HIST114 Global History: Modern World

Department of Social & Behavioral Science: History

I. Course Number and Title
HIST114 Global History: Modern World
II. Number of Credits
3 credits
III. Minimum Number of Instructional Minutes Per Semester
IV. Prerequisites
V. Other Pertinent Information
VI. Catalog Course Description
This course is a survey of global history in which students explore the social, political, religious, economic, intellectual and artistic achievements of the major human civilizations from around the year 1500 A.D. to the present day.
VII. Required Course Content and Direction
  1. Learning Goals:

    1. Course
    2. Students will:
      1. identify major figures and concepts in global human civilizations from around 1500 AD to the present;
      2. identify the defining characteristics of major modern human civilizations such as China, Europe, India, Japan, Islamic civilization and North and South America;
      3. identify the major artistic, cultural, economic, intellectual, political, social, and scientific changes caused by the emergence and spread of the Industrial Revolution;
      4. explain the impact of Nationalism on global human societies; and
      5. evaluate a series of developments in global human cultures from 1500 AD. to the present.

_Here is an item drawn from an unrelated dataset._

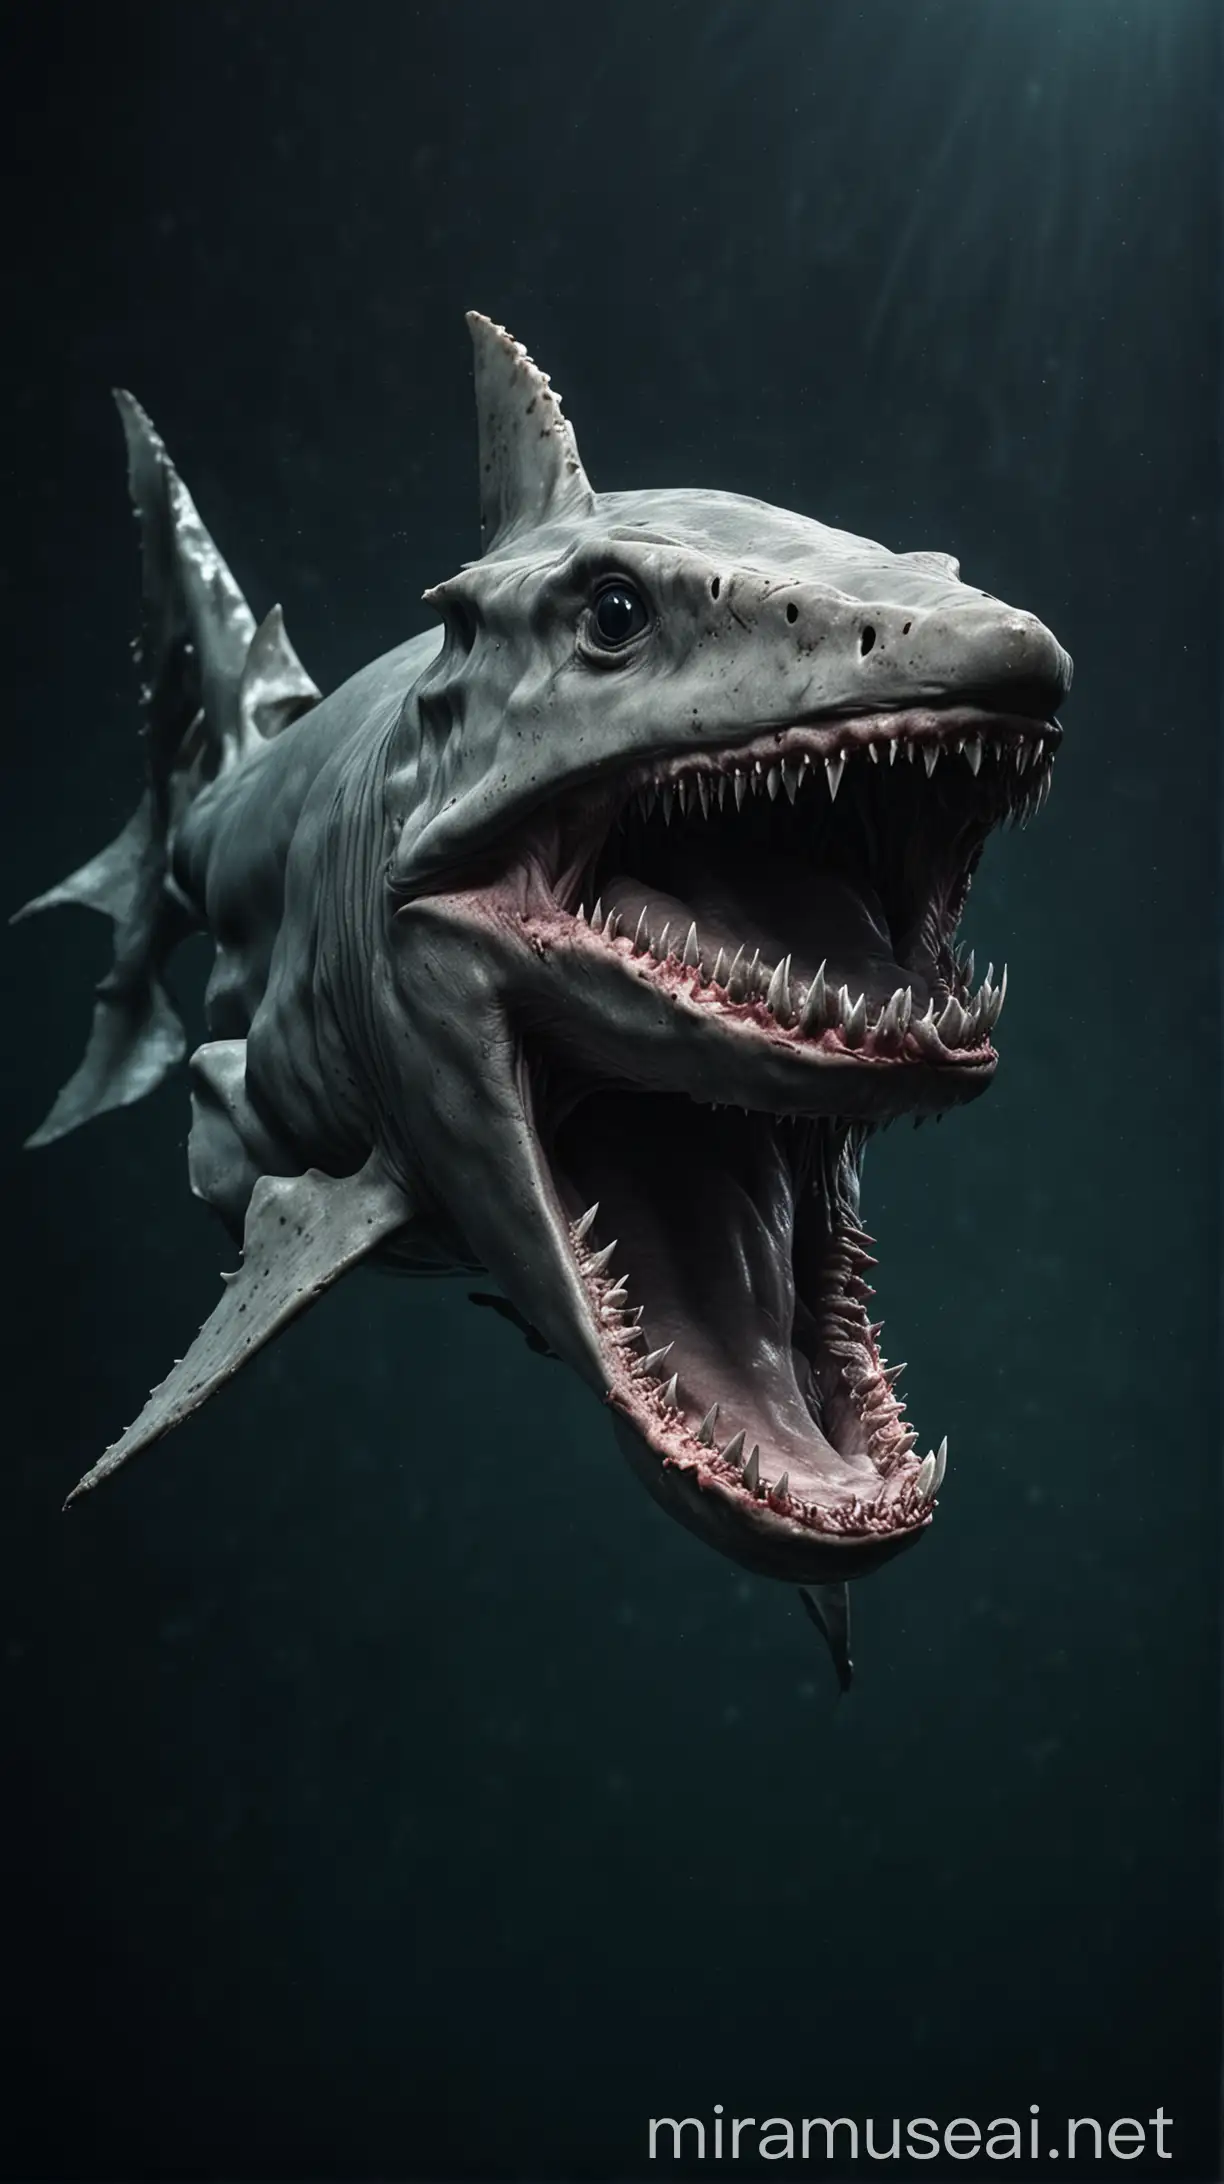 goblin shark with extended jaw in the depths of the ocean. Make it look real 
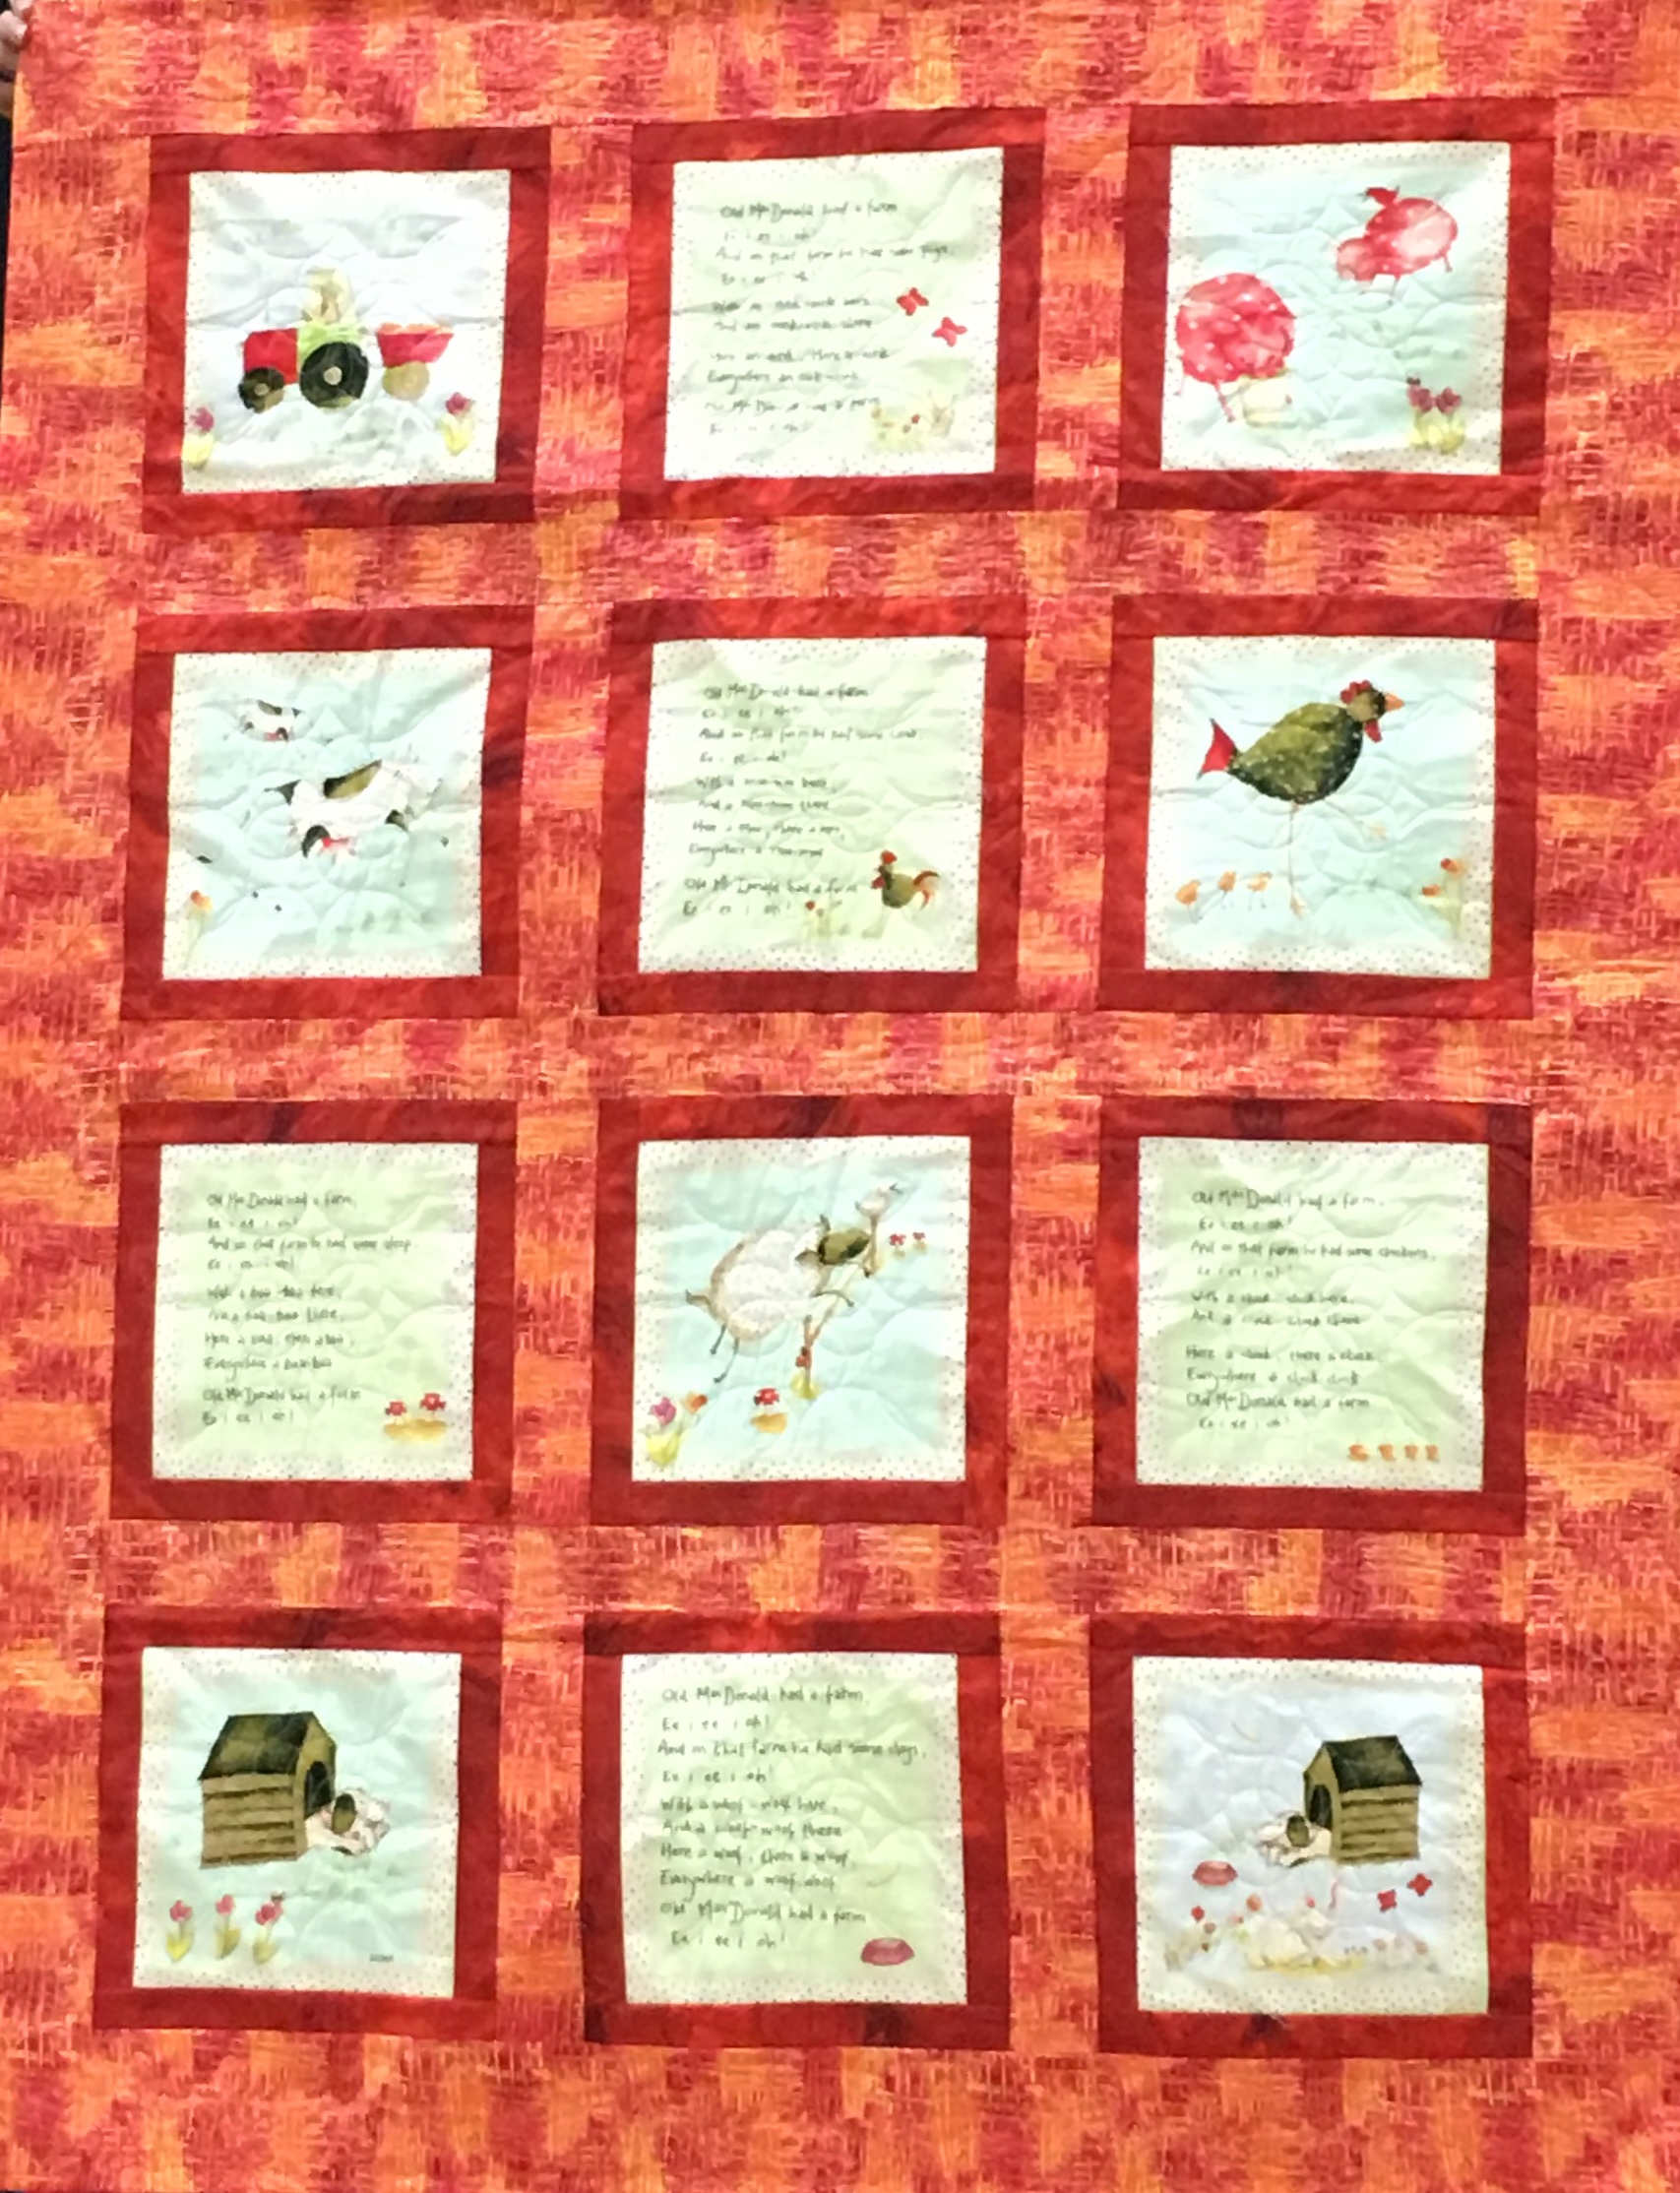 Storybook Panel Quilt

    3. Core (if applicable)
    4. Category I:
      Cultural Perspectives
      Students will be able to:
      1. demonstrate knowledge and awareness of some components of our society's cultural heritage such as artistic, historical, linguistic, literary, and philosophical foundations.
      2. compare, contrast, analyze and/or defend differing world views and practices.
      3. demonstrate the ability to think independently by reading critically, thinking analytically, and communicating effectively in oral and/or written formats within the context of studying diversity in our culture.
  2. Planned Sequence of Topics and/or Learning Activities:

    1. Early European Exploration
    2. Religious Reformation and the Building of the Modern State
    3. East Asia in Transition
    4. Islamic Empires
    5. The Atlantic World
    6. Scientific Revolution and the Enlightenment
    7. The Revolution in Politics and Industry
    8. Nation-Building in North and South America
    9. European Imperialism from a Global Perspective
    10. The World Wars in a Global Perspective
    11. The Cold War in a Global Context
    12. Revolution and Reconstruction in East Asia
    13. Reform and Revolution in Latin America
    14. Retraction of Empire and Globalization
  3. Assessment Methods for Core Learning Goals:

    1. Course
    2. Student assessment consists of in-class exams, electronically administered exams, essays, written assignments, multi-media projects, and/or participation in classroom/online discussions.

    3. Core (if applicable)
    4. Student assessment of Category I: Cultural Perspectives consists of in-class exams, essays, electronically administered exams, written assignments, multi-media projects, and/or participation in classroom/online discussions.
  4. Reference, Resource, or Learning Materials to be used by Students:

    See course format.
VIII. Teaching Methods Employed
Section VIII is not being used in new and revised syllabi as of 12/10/08.